Drill 6.7.1.
Use the diagram below, to show that
\begin{equation}
\dx(\arcsin(x))=\frac{\pm 1}{\sqrt{1-x^2}}\dx{x}.\tag{6.15}
\end{equation}
Section 6.7 The Other Inverse Trigonometric Functions
Despite how much time we spent talking about them, the single valued branches for \(y=\inverse\tan(x)\) and \(y=\inverse\cot(x)\text{,}\) were actually fairly apparent from the graphs of \(x=\tan(y)\) and \(x=\cot(y)\text{.}\) All we had to do was choose one continuous branch from either graph. We described the process carefully because for the other inverse trigonometric functions things are a little more problematic. For those we will have to use the derivatives of our “arc” multifunctions as a guide.
In general, we define an arcfunction as \(\text{arcfunction}(x)=y\) precisely when \(\text{function}(y)=x\text{.}\) So, \(\arcsin(x)=y\) when \(\sin(y)=x\) and \(\arccos(x)=y\) when \(\cos(y)=x\text{.}\)

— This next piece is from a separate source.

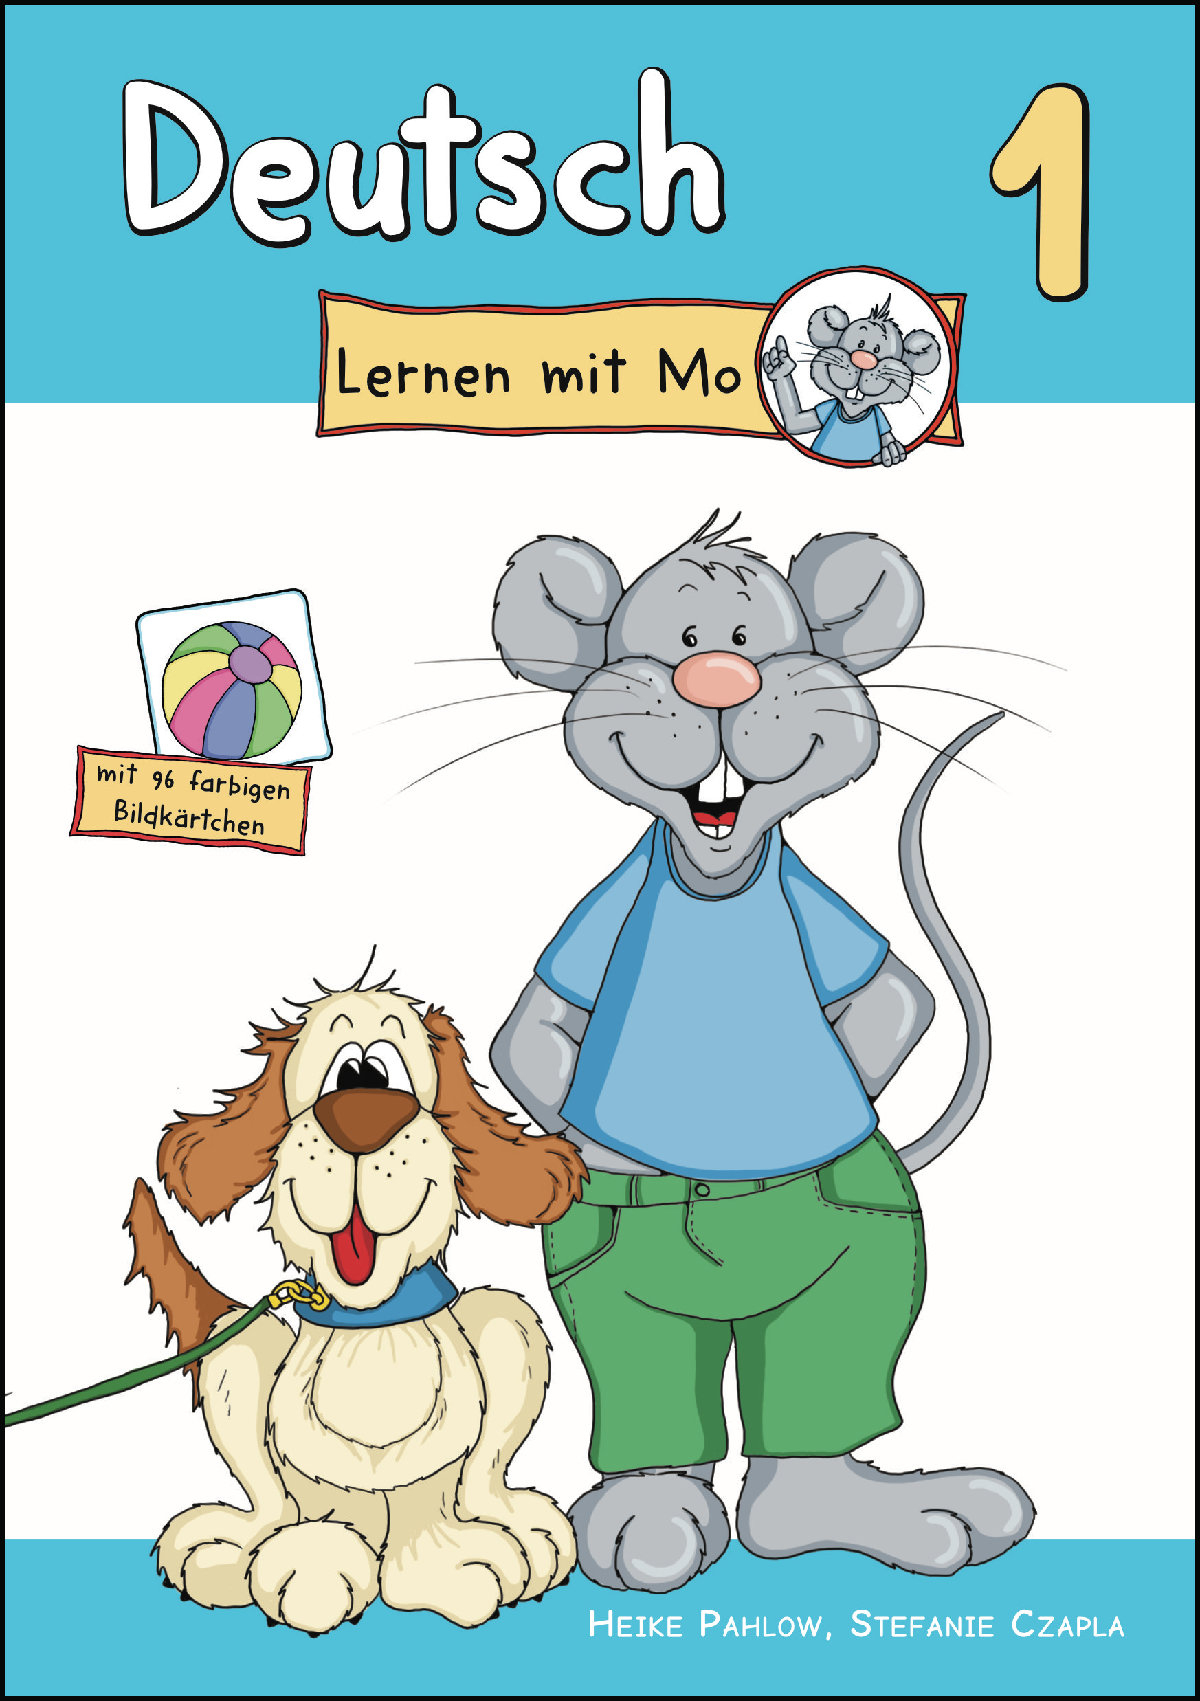 Unterrichtsmaterialien Für Deutsch Als Fremdsprache (Daf) - Lingolia innen Kinder Bilder Unterhalb Englisch,

Subsection 6.7.1 The Inverse Sine Function: \(\inverse\sin(x)\)
When we graph \(\arcsin(x)\) by flipping the graph of \(\sin(x)\) across the graph of the line \(y=x\) we get the sketch below. For the value of \(x\) shown in the sketch the arrows point to a few of the possible values of \(\arcsin(x)\text{.}\) There are infinitely many so obviously \(\arcsin(x)\) is also a multifunction, not a function.
To find the differentials of \(y=\arcsin(x)\) and \(y=\arccos(x)\) we proceed just as we did with the \(\arctan(x)\) and \(\arccot(x)\text{.}\) If \(y=\arcsin(x)\) then \(x=\sin(y)\) so:
\begin{align*}
\dx{(\sin(y))}\amp = \dx{x}\\
\cos(y)\amp =\dx{x}\\
\dx{y}\amp =\frac{1}{\cos(y)}\dx{x}
\end{align*}
Problem 6.7.2.
(a)
Use the fact that \(y=\arccos(x)\) if and only if \(\cos(y)=x\) and proceed as we did in Drill 6.7.1 to show that
\begin{equation}
\dx\left(\arccos(x)\right)= \frac{\mp 1}{\sqrt{1-x^2}}\dx{x}.\tag{6.16}
\end{equation}
Notice how this formula differs from the one you found in Drill 6.7.1.
(b)
Derive the same result from the identity: \(\arccos(x)= \frac{\pi}{2}-\arcsin(x)\text{.}\)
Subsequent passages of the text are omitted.